= What the exercise asks =
Please set out each line below exactly as it stands, without the images.

━━ Raw data ━━

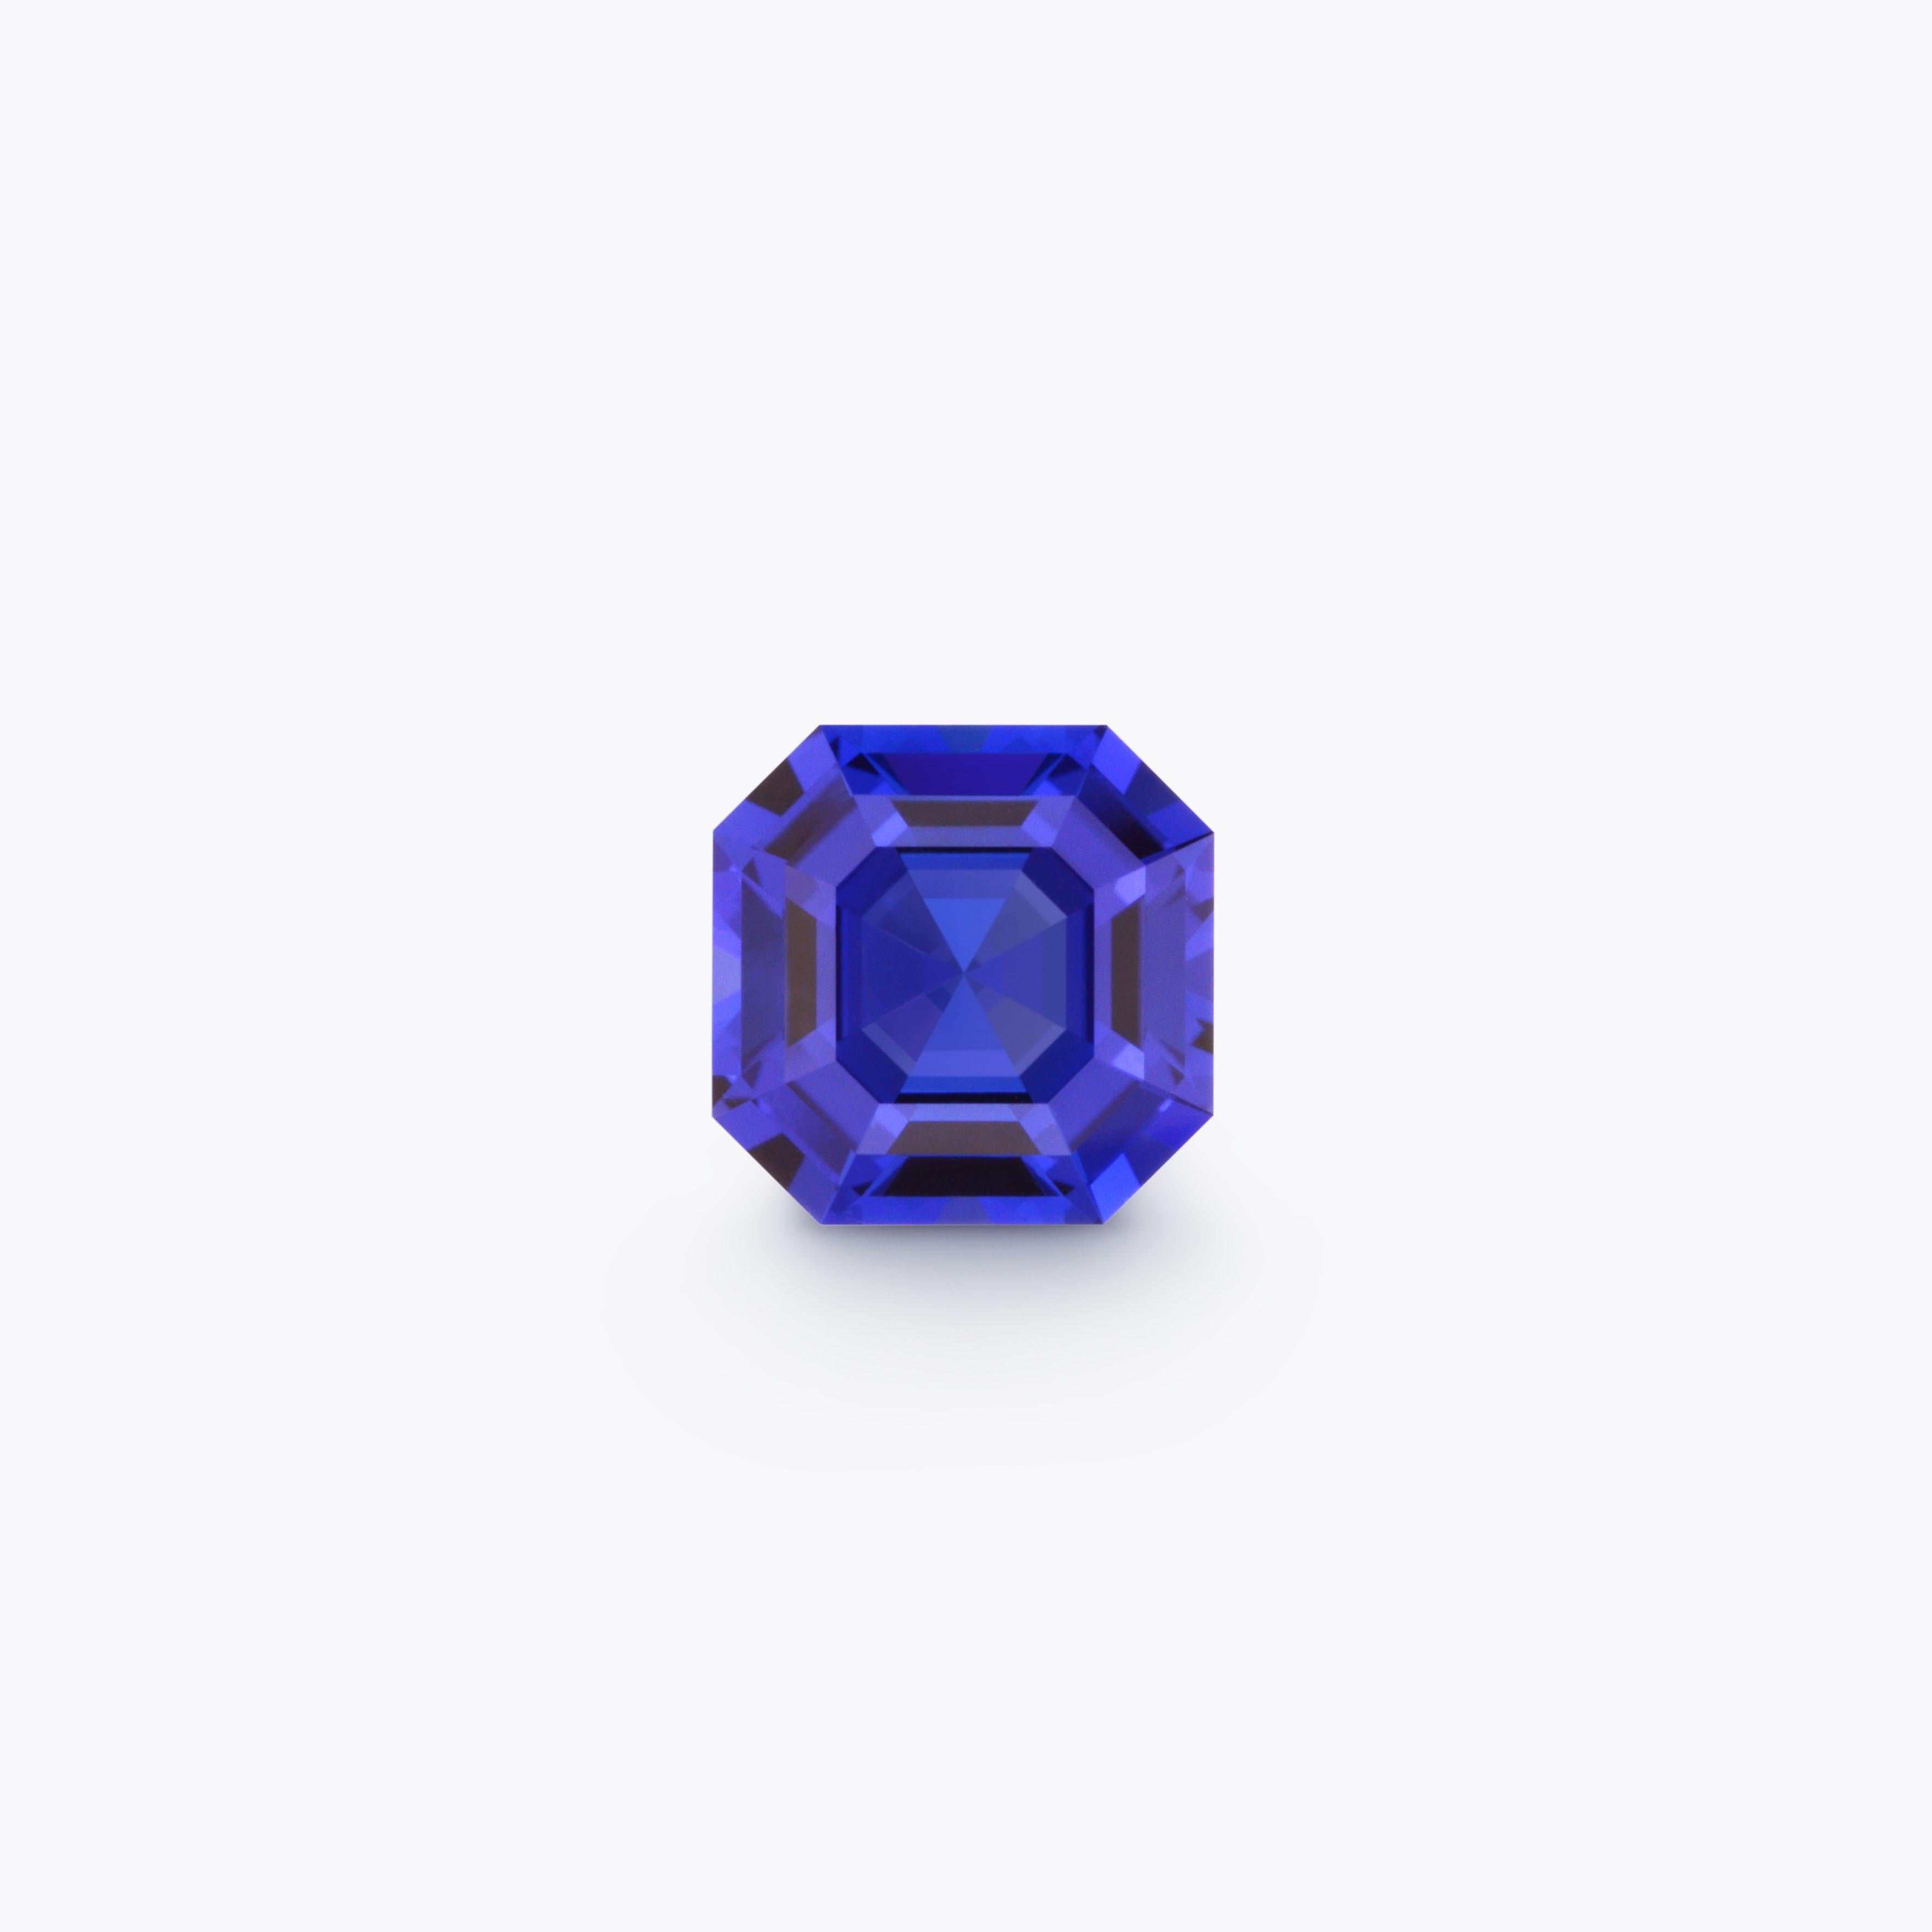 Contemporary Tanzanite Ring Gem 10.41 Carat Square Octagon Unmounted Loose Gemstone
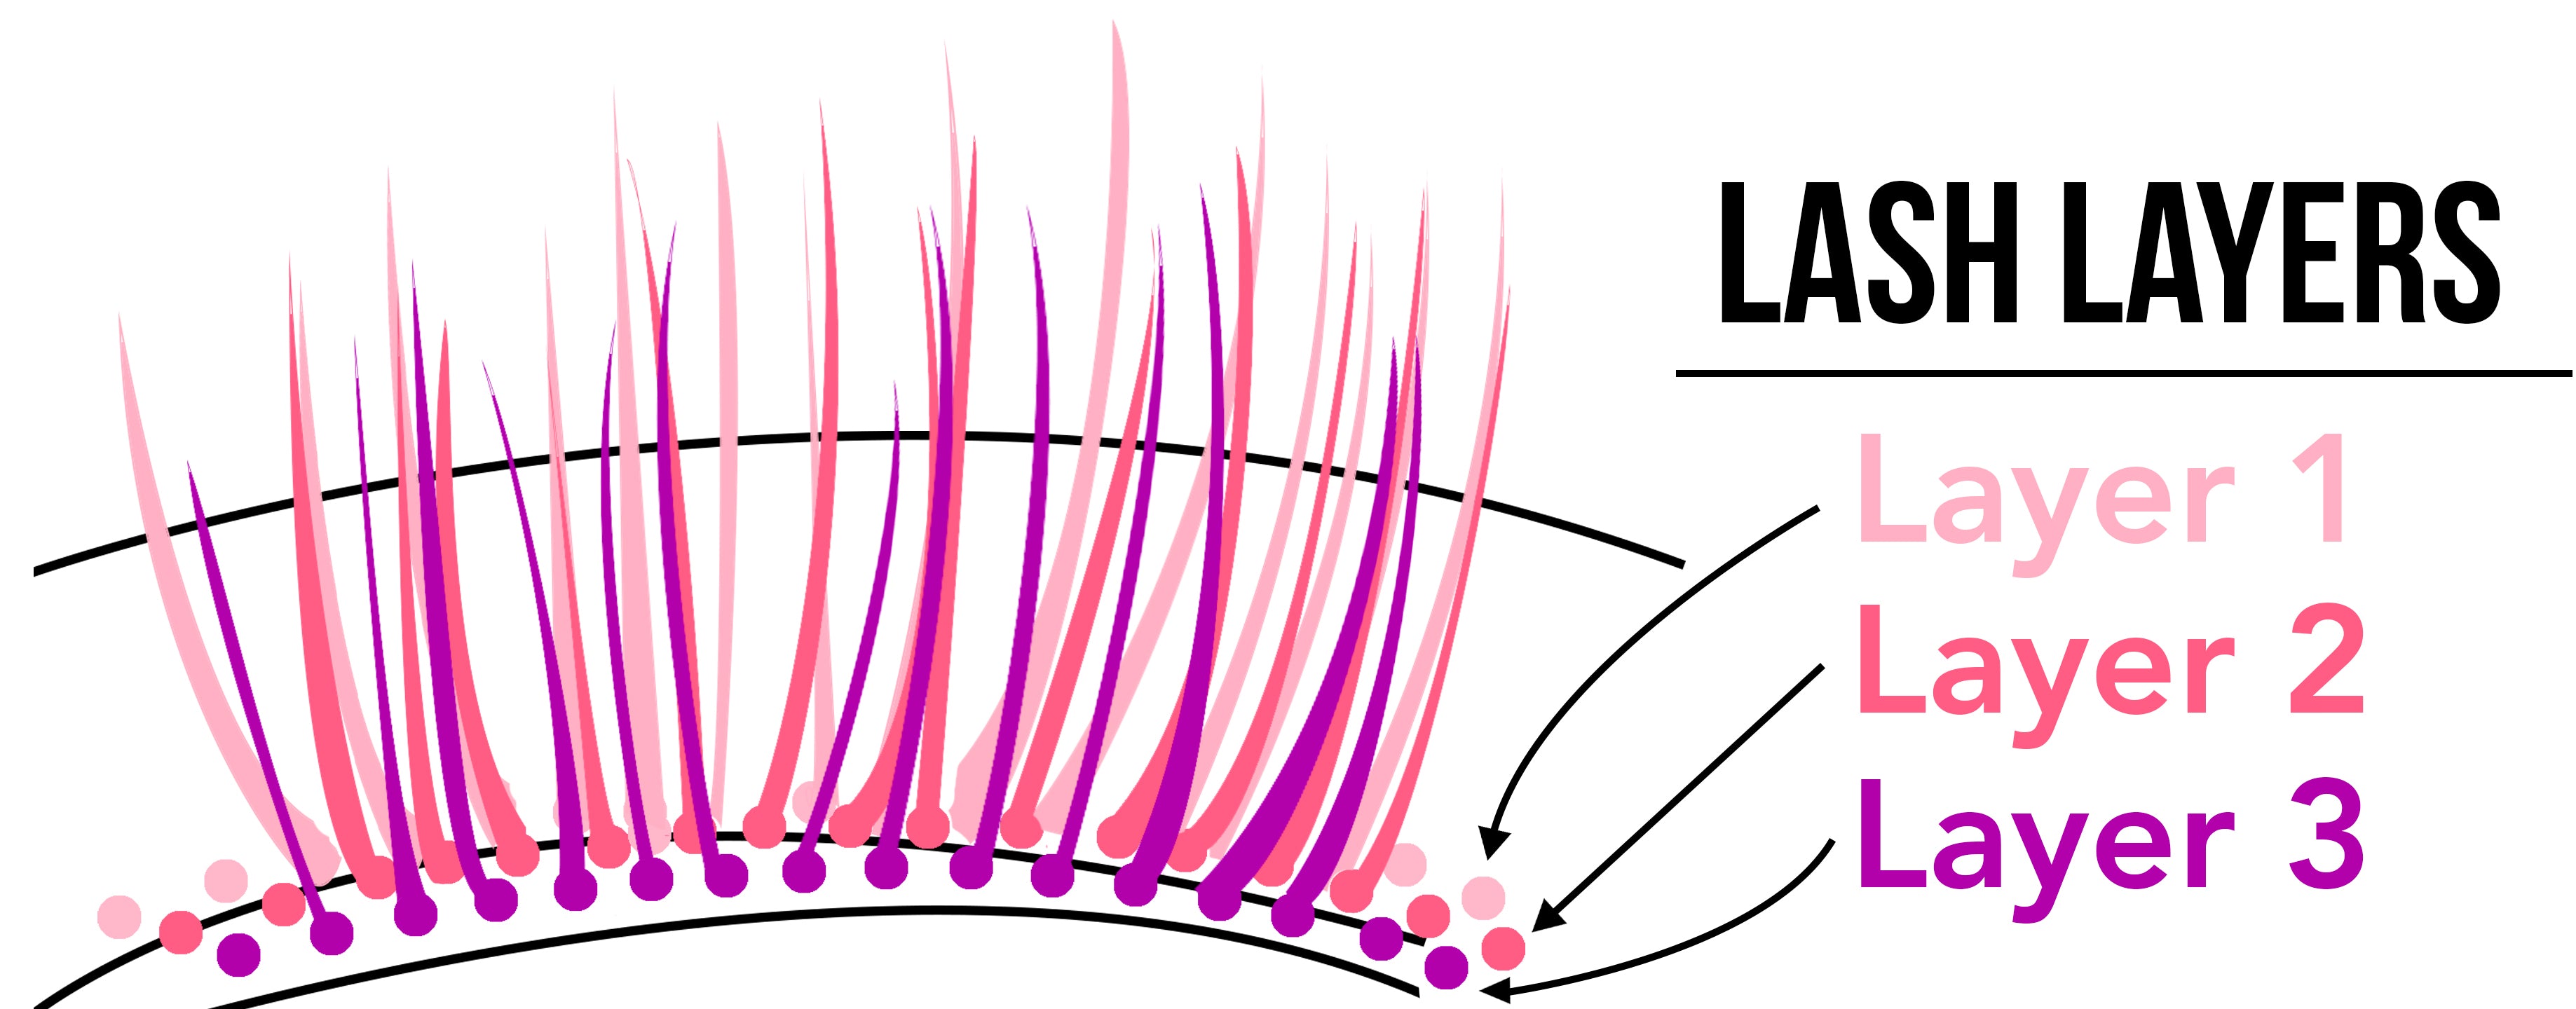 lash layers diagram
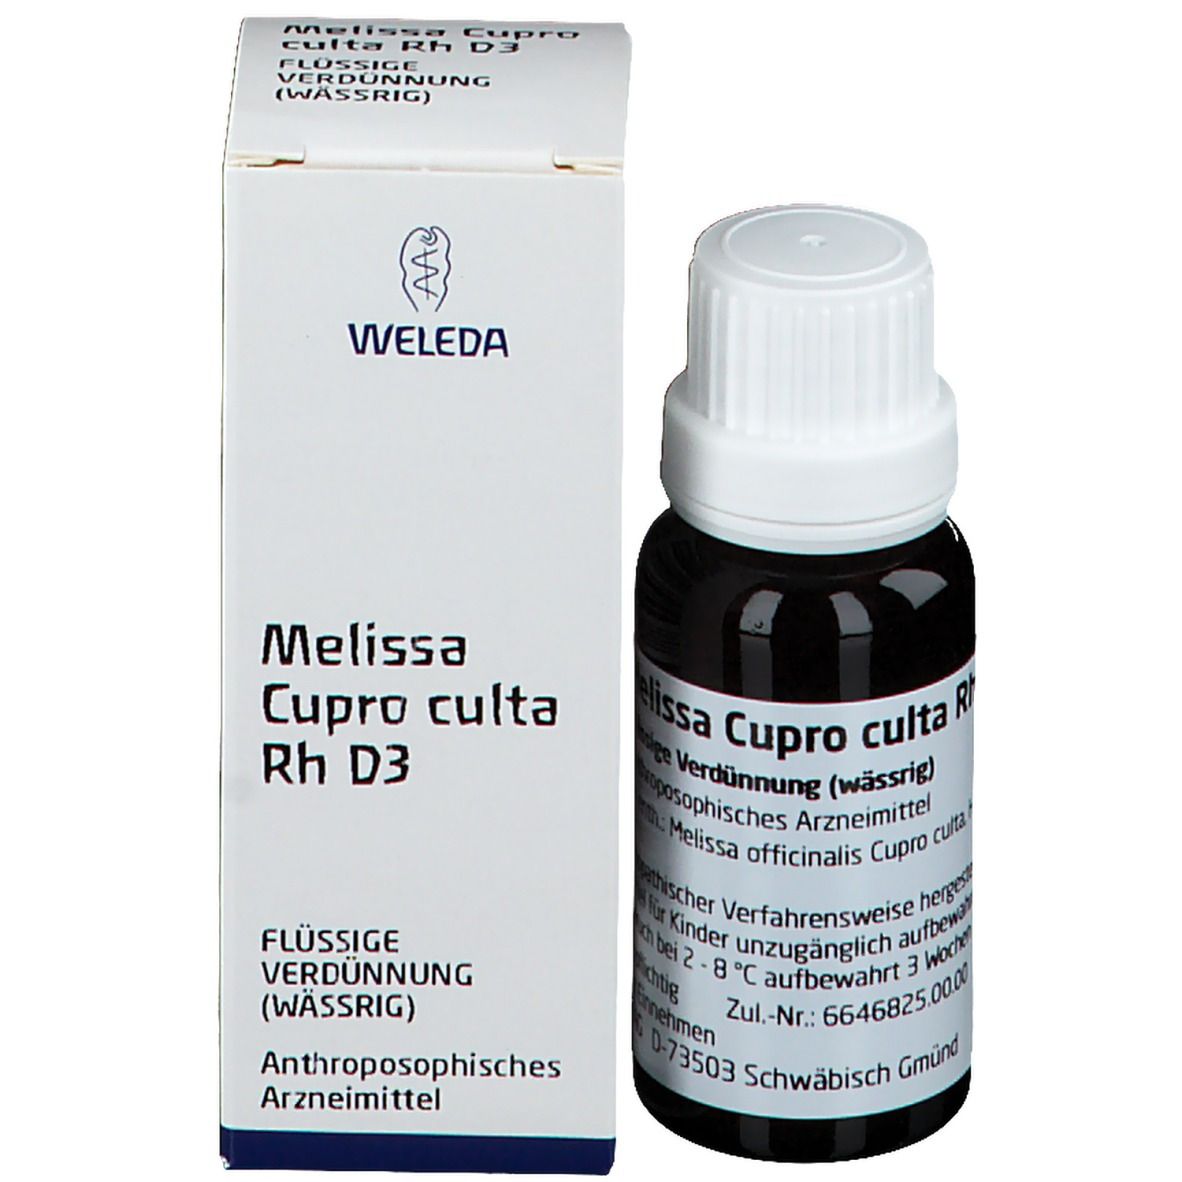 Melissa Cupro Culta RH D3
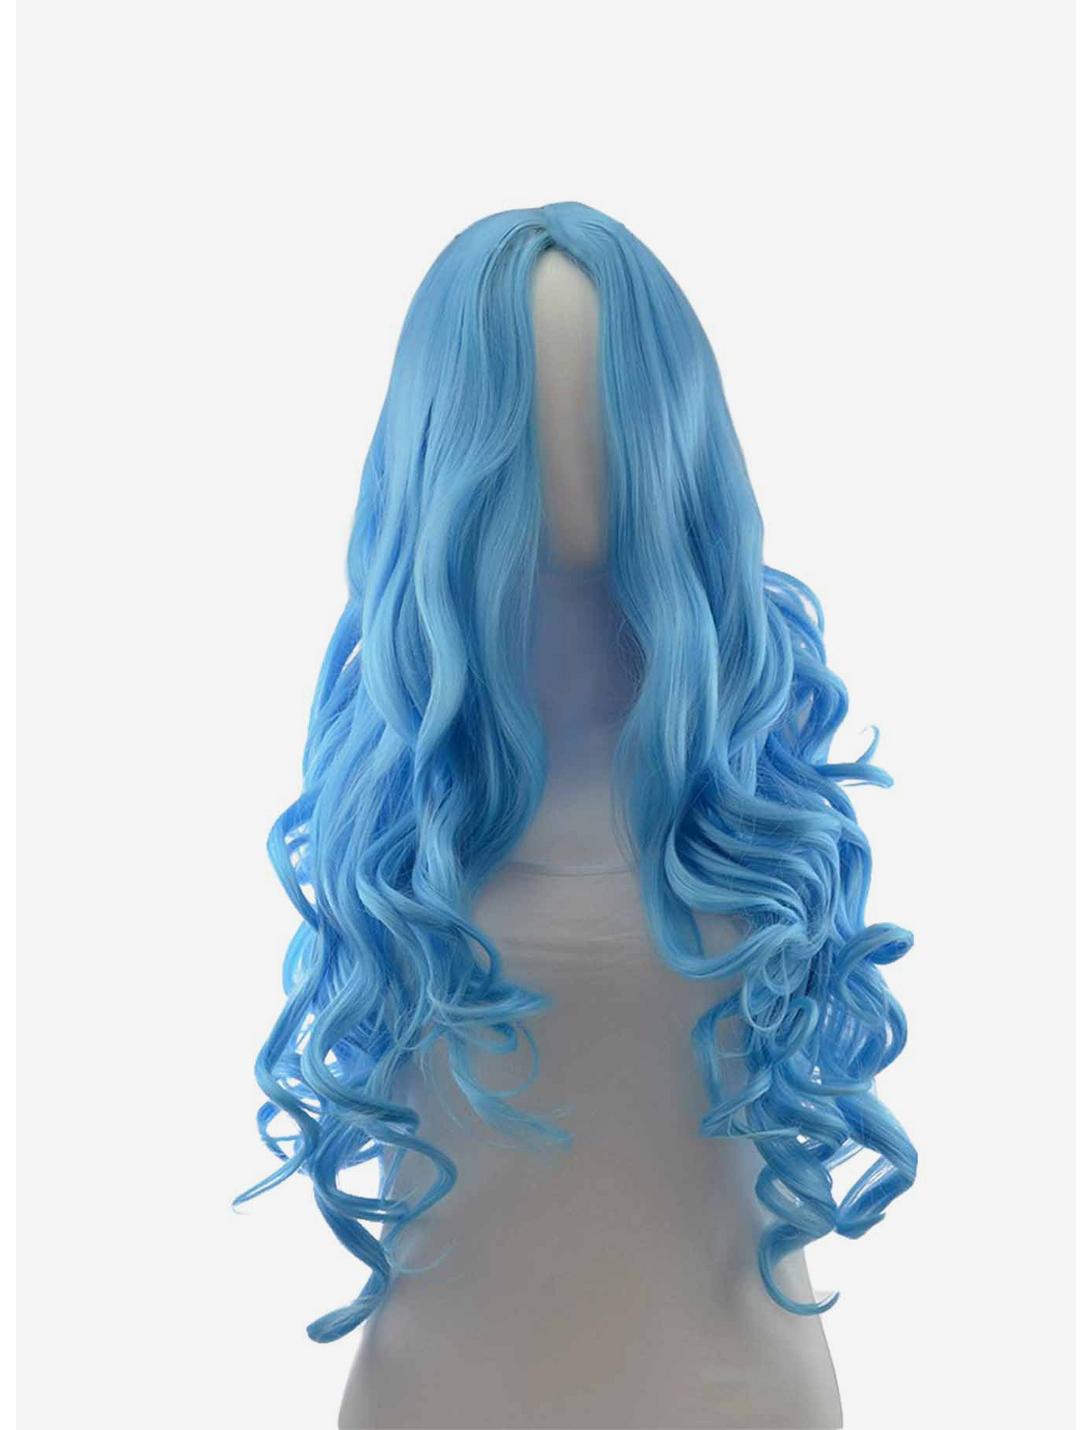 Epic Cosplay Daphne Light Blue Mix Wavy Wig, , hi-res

━━━

= Worked solution =
 Contemporary Tanzanite Ring Gem 10.41 Carat Square Octagon Unmounted Loose Gemstone
 lash layers diagram
 Melissa Cupro Culta RH D3
 Epic Cosplay Daphne Light Blue Mix Wavy Wig, , hi-res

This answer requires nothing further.